Um what do you think she’s into? That matters, IMO. But understandable if you don’t want to talk about it.

I’d say consider also, if you find the bad news you think you might, that your having snooped will not help your appearance when you confront her. You’ll be giving her ammunition, because whatever you say she can object that you’ve been distrustful and have gained this knowledge unfairly. It’d be like getting evidence for court that isn’t admissible because it wasn’t properly collected.

gooch's avatar

Snoop and fix it if you can. As a parent it is our job to protect your kids not be a friend.

Cardinal's avatar

She is 17.5 and it may be substance abuse. I don’t know how to snoop, short of stealing her laptop and finding a professional hacker…..or maybe a middle school kid, who could probably get into the system.

sjg102379's avatar

If you think that your daughter is abusing substances, by all means, get her help. You don’t need her emails to do that. All you have to do is say “I am your parent. I think you have a problem. Therefore, I am sending you to a therapist to help you with this problem.” She may scream, cry, and deny it, but maybe she’ll use her time with a professional to her benefit. If she is not willing to do anything about her problem, all the proof in the world isn’t going to help.

sndfreQ's avatar

As a parent of a legal minor, you are her legal guardian; while I’m not a legal expert, I am a parent and believe that as long as your child is still a minor, you have a legal right to access anything of hers (she has no privacy under you).

This concept may seem impersonal, but if she is committing criminal acts with her computer (i.e. making illicit drug deals, etc.) using her computer, she is in fact committing criminal offenses on her computer (your computer if you purchased it for her), and if she’s using your comcast account (if you are the named owner of the account)-that would be cause enough to investigate imho. Esp. if you know that this is happening and you are not doing anything about it, you may be on the hook for [aiding] her?...but again, not a lawyer, (feel free to correct me on that one hoss et al…)

Now as for the Comcast account, who is paying the bill on that? If it’s you who gets the statement, you can easily contact their customer care and they should be able to provide you with username/password information for all email accounts (or allow you to reset them at least).

Now if you wanted to go the more underground route there is a LOT of surveillance software out there, one that I heard of recently on radio that suspicious mates use to spy on their significant others is called sentinel

also, PC Sentinel is another competing product.

gailcalled's avatar

Putting the technical and legal issues aside (altho sndfrq raises some very valid and important issues and info), it is your obligation, out of love, to intervene, even if it is only a suspicion. Kids are clever and she may try to divert you by asking,” How did you find out, Dad?” Ignore that; the only issue is her health, safety and long-term abilitity to cope.

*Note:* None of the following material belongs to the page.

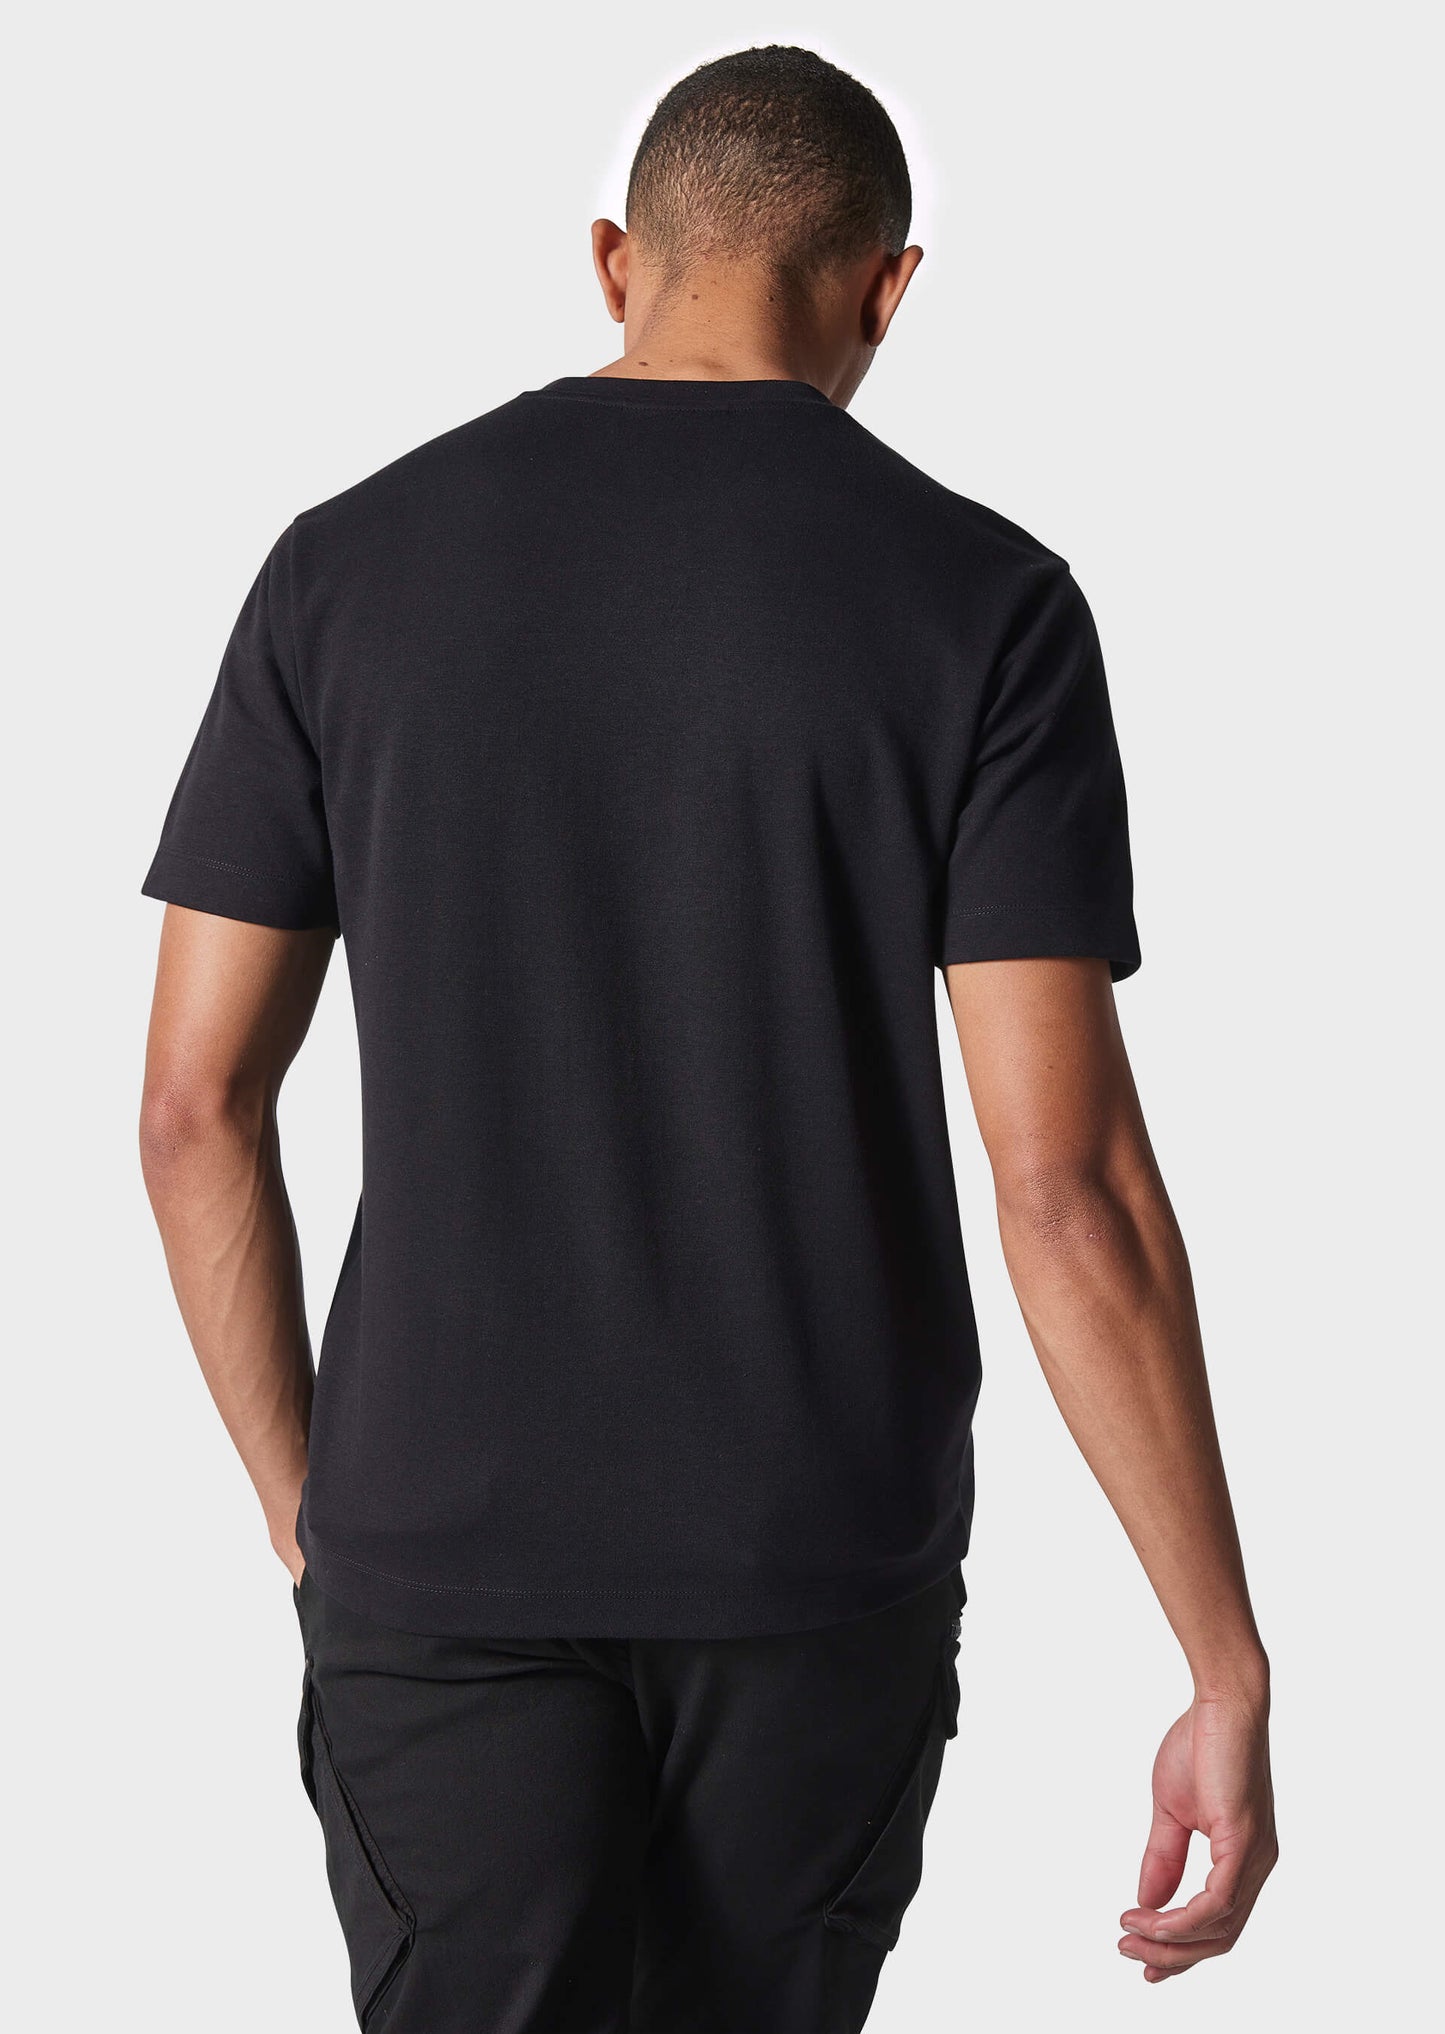 Sheridan Black T-Shirt

I had a step-son who did crack cocaine and alcohol for 10 years. His real family skirted the issue until intervention was imperative, when he was in his early 20’s. This kid, now 43, lost 10 years of socialization and education.. He says today, now that his life is back in order, that he wishes everyone had moved in on him earlier. It took two rounds of rehab.

ideabrian's avatar

Imagine how you’d have wanted to be treated if in 10 years, you were going to look back and realize that you really wanted somebody stronger to step in and help. The worst is that at that age (17.5), we think we know sooo much.

As we transition from teen to 20 to 30, we respect the result more than the method and no matter how you go about it, if your intentions are pure, keep going until you get the result that will allow both of you to come out and say, “Woosh.. that was a crazy ride!” .. rather than isolate each other for doing things that you don’t like, Be strong with good intentions. Don’t make them wrong, make them feel loved and respected.

Get curious about the drug use. Why are they doing it? Did they not perceive enough love and thus are trying to escape? Is it just fun?

At the end of the day, there’s nowhere to go. We’re all just here to have different experiences. A good life might not be one you live to be 110. What if the drug use is just a mechanism to bring you closer?

omfgTALIjustIMDu's avatar

As a 16-year-old, I feel compelled to give my input. If my parents went rifling through my emails, I would be extremely angry, but more than that I’d be hurt. The distrust that clearly shows from parent to child can hurt so, so much, especially at this age. However, if my parents were to sit me down and have a good long talk with me about drugs and alcohol and their suspicions about what I’ve been doing (though I might be angry for a short time) I would be thankful to you in the long-run, and I would not have that hurt that comes with the realization that your parents completely distrust you.
Also, though it may not seem to you like you are completely distrusting your daughter, you MUST remember that she is a teenager, and will think of it as you completely distrusting her and this will hurt—a lot, and for a long time.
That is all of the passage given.